This talk targets the automatic recognition of human actions in videos. Human action recognition is defined as a requirement to determine what human actions occur in videos. This problem is particularly hard due to enormous variations in visual and motion appearance of people and actions, camera viewpoint changes, moving background, occlusions, noise, and enormous amount of video data.
Firstly, I will present two local spatio-temporal descriptors for action recognition in videos. The first descriptor is based on a covariance matrix representation, and it models linear relations between low-level features. The second descriptor is based on a Brownian covariance and it models all kinds of possible relations between low-level features.
Then, I will talk about two higher-level feature representations to go beyond the limitations of the local feature encoding techniques.
The first representation is based on the idea of relative dense trajectories. I will present an object-centric local feature representation of motion trajectories, which allows to use the spatial information by a local feature encoding technique.
The second representation captures statistics of pairwise co-occurring visual words within multi-scale feature-centric neighborhoods. The proposed contextual features based representation encodes information about local density of features, local pairwise relations among the features, and spatio-temporal order among features.
Finally, I will show that the proposed techniques obtain better or similar performance in comparison to the state-of-the-art on various, real, and challenging human action recognition datasets (Weizmann, KTH, URADL, MSR Daily Activity 3D, UCF50, HMDB51, and CHU Nice Hospital).

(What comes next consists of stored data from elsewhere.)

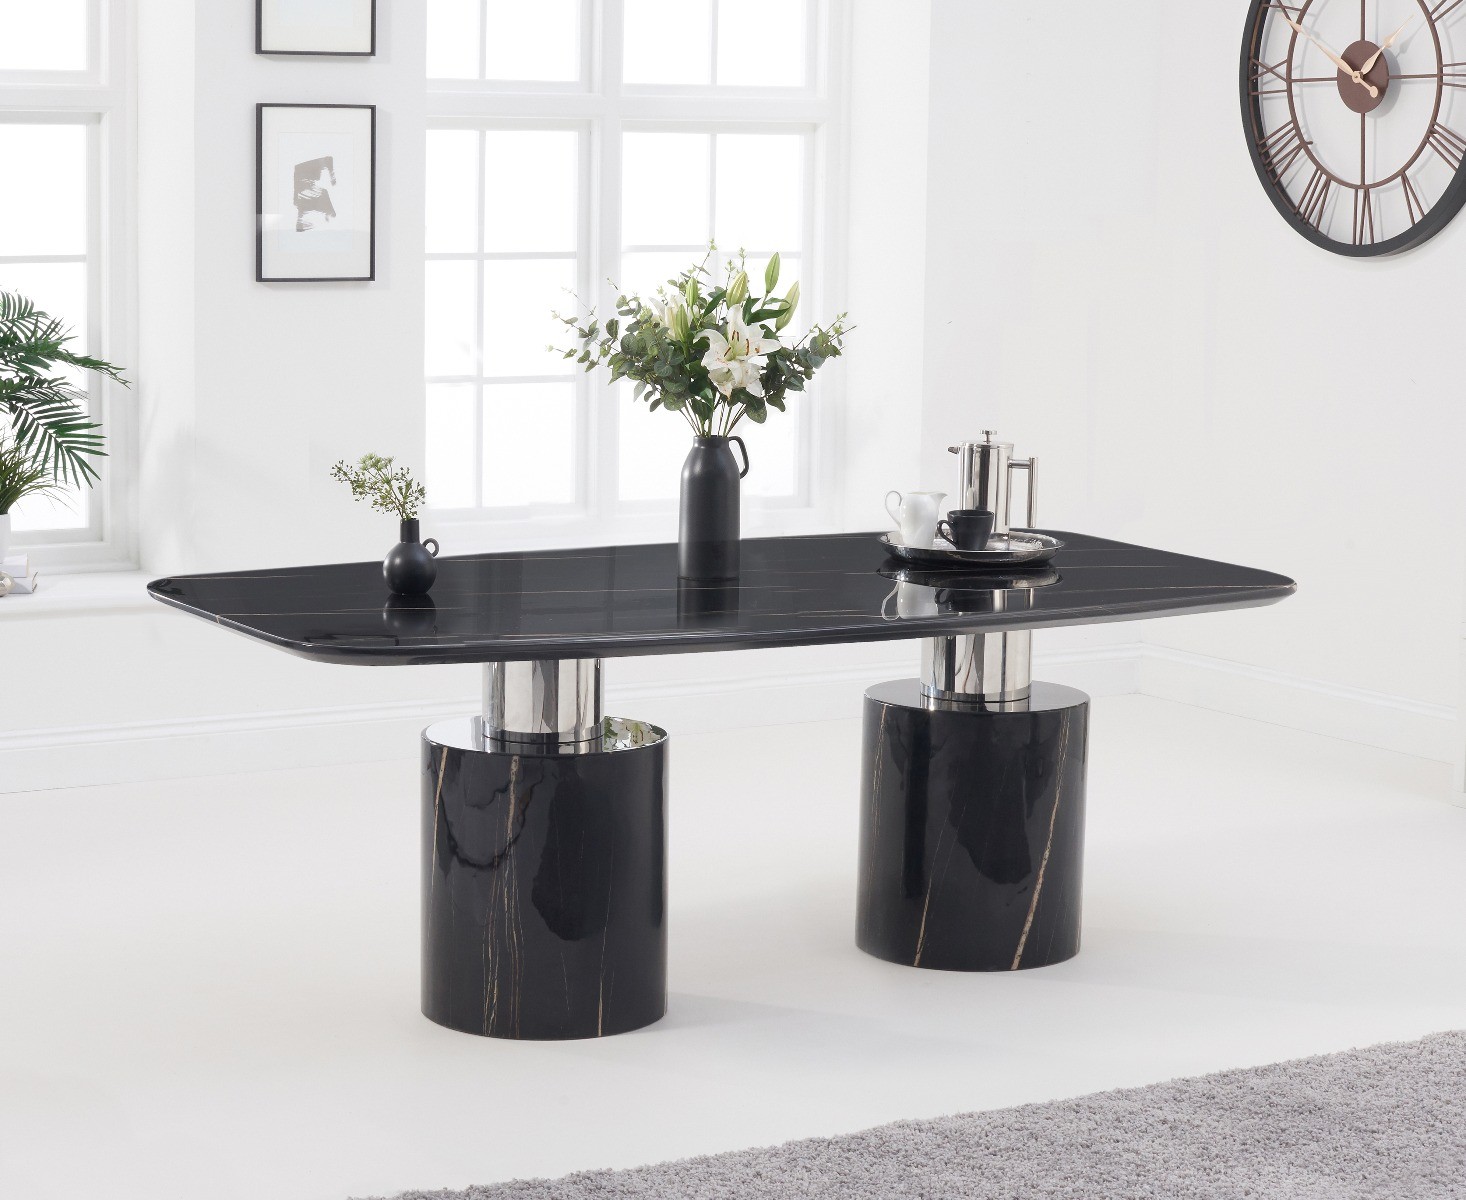 Photo 1 of Antonio 180cm black marble dining table with 4 grey aldo chairs
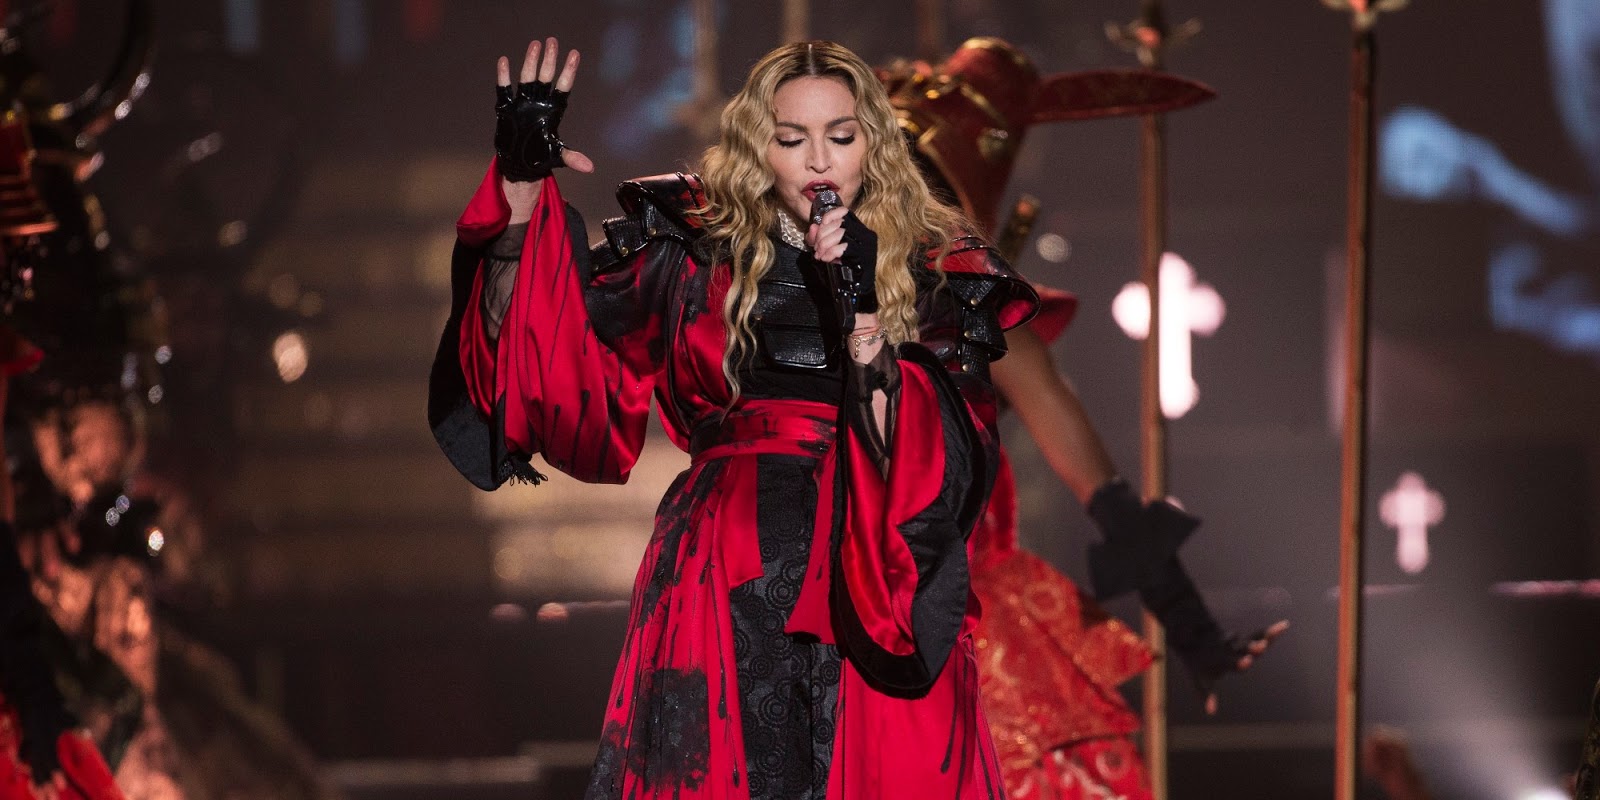 Eurovision 2019: Madonna set to perform two songs
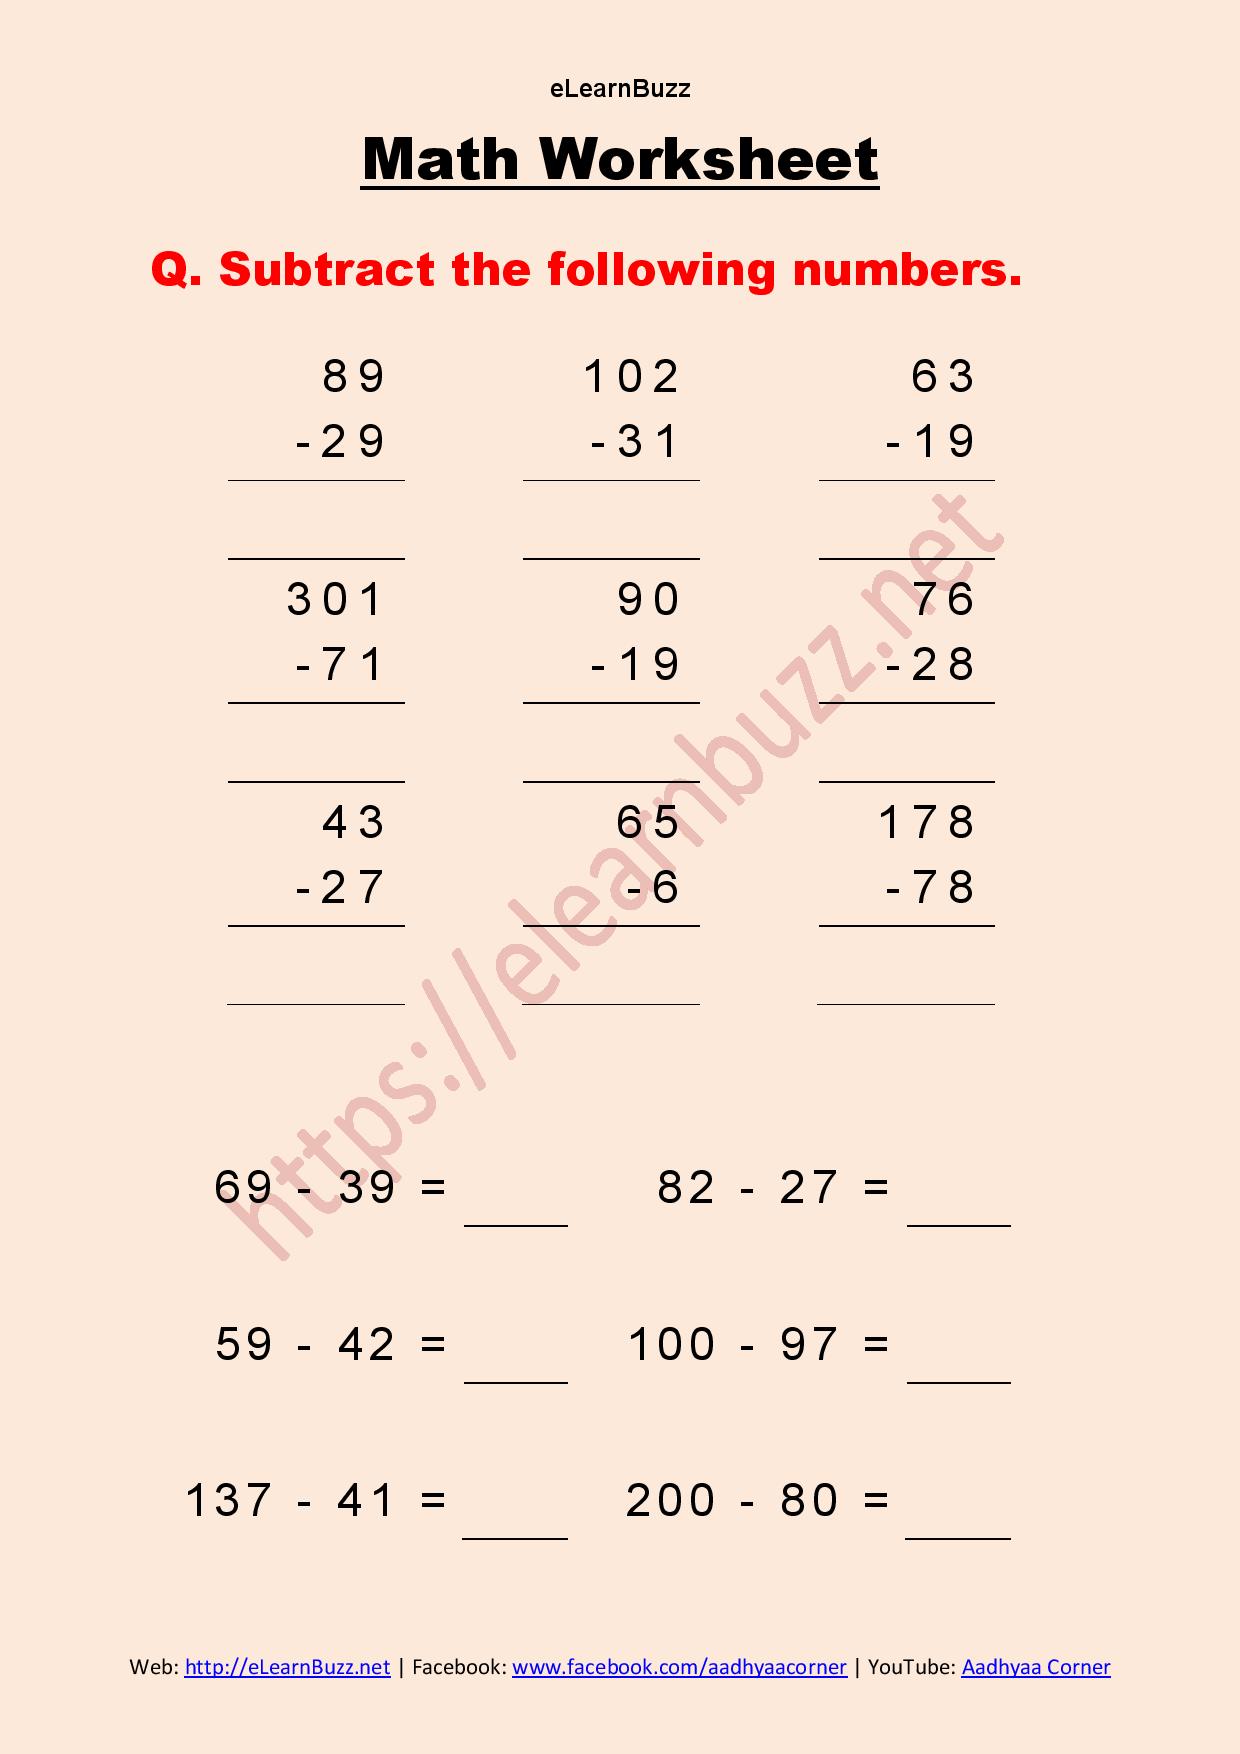 maths-worksheets-for-class-5-worksheetsday

Dr. Piotr Tadeusz Biliński is a Post-Doctoral Research Fellow at STARS team at INRIA Institute, Sophia Antipolis Research Center, France. He obtained his Bachelor's Degree in 2008 and Master's Degree in 2009 from Poznan University of Technology in Poland. He has been working on Human Action Recognition in Videos since 2010, under the supervision of Francois Bremond. In 2013, he was a Research Intern at the Microsoft Research in Redmond, United States, where he was working in Audio and Signal Processing domain, on Computer Vision and Machine Learning techniques for Head-Related Transfer Function Personalization using Anthropometric Features. In 2014, he received his Ph.D. Degree from the University of Nice in France. His Ph.D. Thesis was reviewed by Ram Nevatia, Frederic Jurie, and Ivan Laptev.